AWS Cloud Operations & Migrations Blog

How CloudWatch cross-account observability helps JPMorgan Chase improve Federated Data Lake Monitoring

AWS best practices guide customers to deploy their applications across multiple AWS accounts to establish security and billing boundary between teams and to reduce the impact of operational events. As enterprises grow and scale with tons of resources, customers often need a unified observability experience to help them search, visualize, and analyze their cross-account telemetry data, including metrics, logs, and traces across multiple AWS accounts. For JPMorgan Chase, the biggest global investment bank and financial services company in US, they wanted to improve monitoring skills on their federated data lake that is lying across thousands of accounts with Amazon CloudWatch. In this post, we will show how to set up cross-account observability in Amazon CloudWatch to view telemetry data across connected AWS accounts and how JPMorgan Chase leverages this cross-account observability in their centralized monitoring.

Data Mesh

A data mesh lake is a large-scale, interconnected data pool. It is a move from a monolithic data lake to a loosely coupled architecture for data. Data is organized into products that can be onboarded, consumed, and managed independently of each other.

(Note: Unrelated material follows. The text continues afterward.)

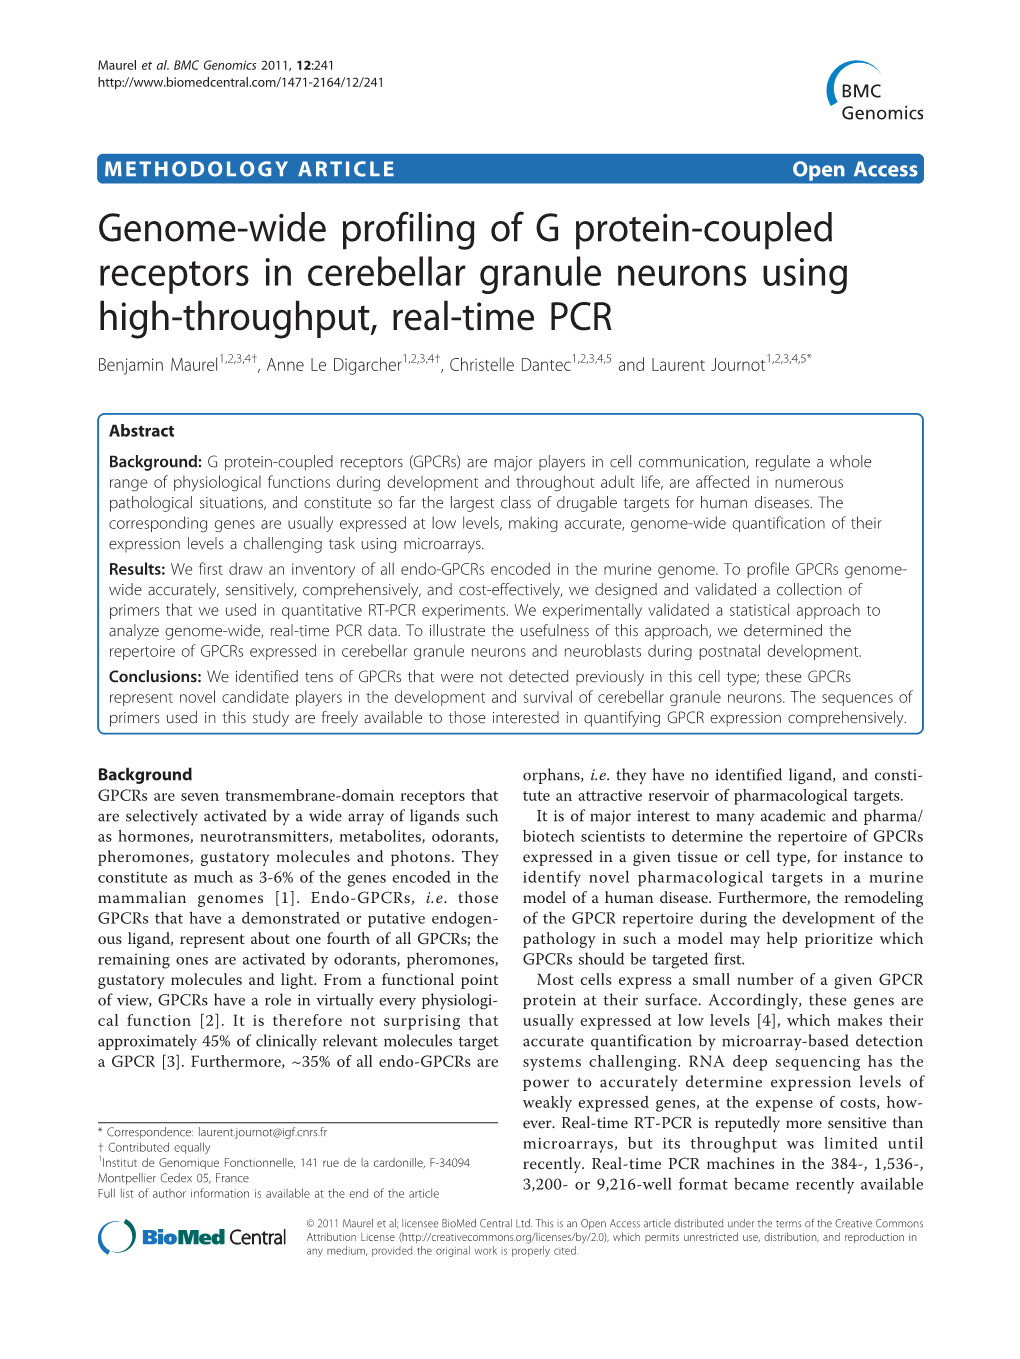 Genome-Wide Profiling of G Protein-Coupled Receptors In

Using Data Mesh at JPMorgan Chase 

JPMorgan Chase has leveraged AWS Lake Formation to support its multiple lines of business in order to maximize data reuse and to ensure data governance. JPMorgan Chase created a Data Mesh internally called a Federated Data Lake where multiple teams and applications use different AWS accounts (Producer) to onboard data, which is registered to AWS Glue Catalog and access entitled AWS Lake Formation in a central account (Governor). Each line of business can create as many data producer and consumer accounts as they desire all linked together by the central account. Teams managing data products can share the data products with fine-grained entitlements to consumer accounts using an automated, self-served pipeline via the controlled central account.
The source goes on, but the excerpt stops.